Physics-guided Training of Neural Electromagnetic Wave Simulators with Time-reversal Consistency

Published: 03 Nov 2023, Last Modified: 04 Nov 2023NeurIPS 2023 Deep Inverse Workshop PosterEveryoneRevisionsBibTeX
Keywords: physics-informed learning, electromagnetics, computational imaging, photonics, Maxwell's equations, inverse problems, time-reversal
TL;DR: We introduce Time Reversal Consistency (TReC), a new physics-based training method based on the time reversibility of Maxwell's equations, with globally consistent loss, strong generalization, and suitability for many-parameter inverse design tasks.
Abstract: Conventional electromagnetic wave simulators often have long simulation times, so are not suitable for computational imaging and photonic inverse problems (e.g. end-to-end design, iterative reconstruction) that require evaluating the forward model many times. Electromagnetic wave simulators based on neural networks promise speed improvements of several orders-of-magnitude, but standard supervised training approaches have difficulty fitting the true physics. Physics-informed approaches help, but existing residual-based methods use only local information and must be used in conjunction with standard supervised loss.

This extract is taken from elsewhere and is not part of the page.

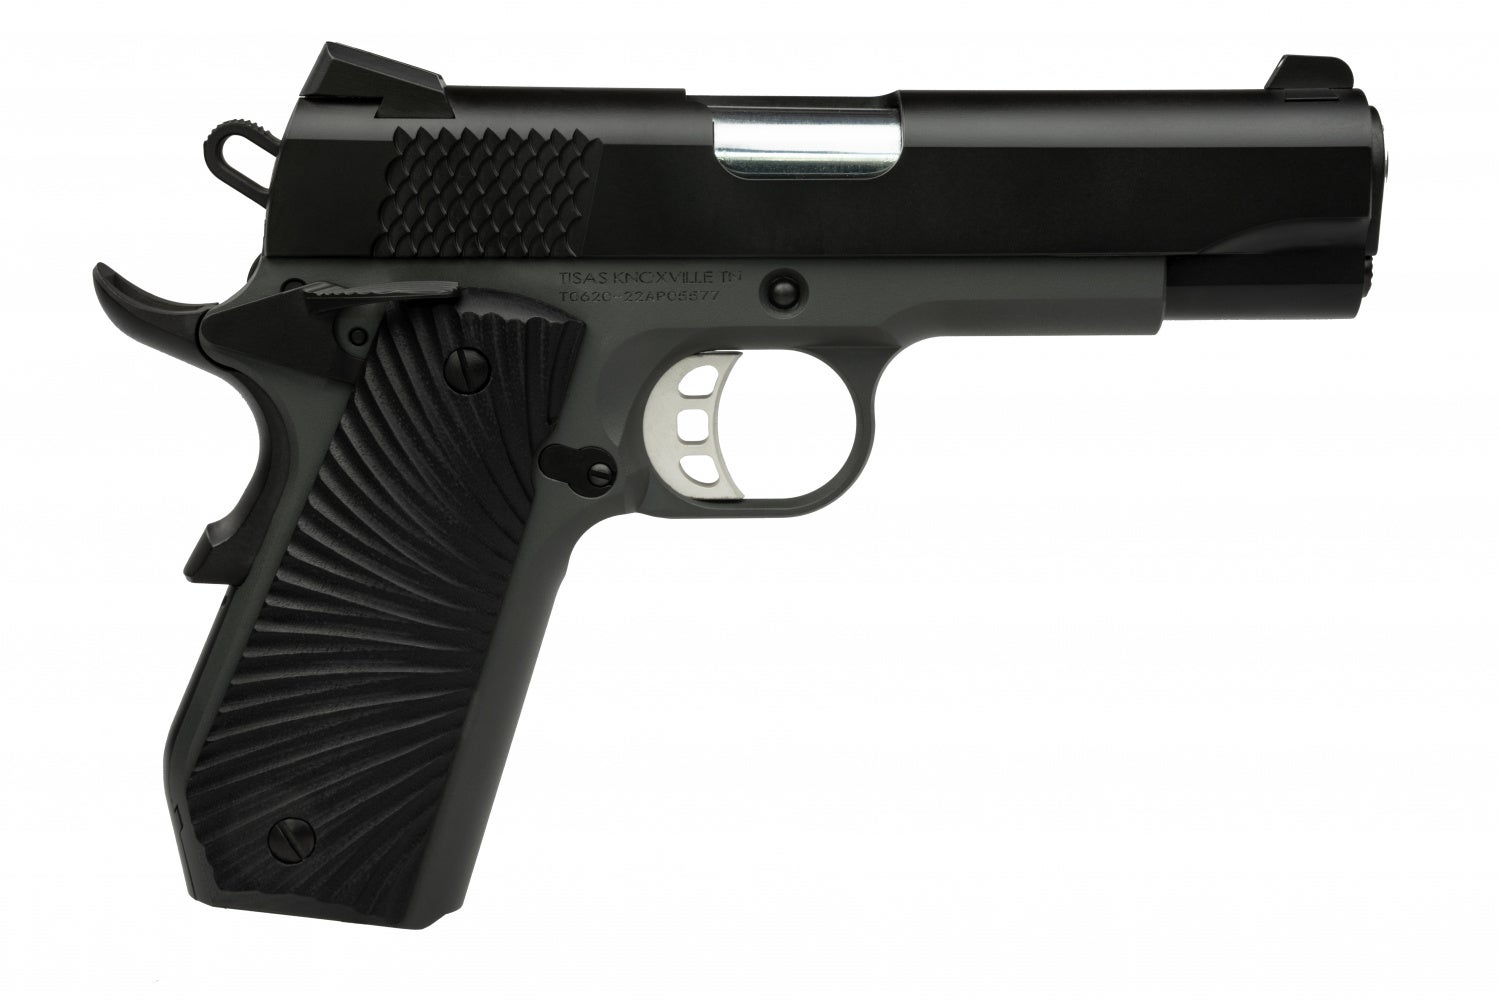 Tisas Announces the New 1911 Stingray Carry Pistol

In this work, we introduce Time Reversal Consistency (TReC), a new physics-based training method based on the time reversibility of Maxwell's equations. TReC uses a time-reversed, differentiable finite-difference simulator to compare neural network predictions with a known initial condition. TReC provides both global physics guidance and supervision in a single function. When trained only on randomized scatterers, we find that networks trained with TReC generalize well to a range of arbitrary structured media. We validate the method on the inverse design of a set of angle-to-angle couplers, addressing almost two magnitudes more parameters than previous methods, and find that the design quality corresponds closely with designs based on a conventional simulator while requiring 5\% of the design time.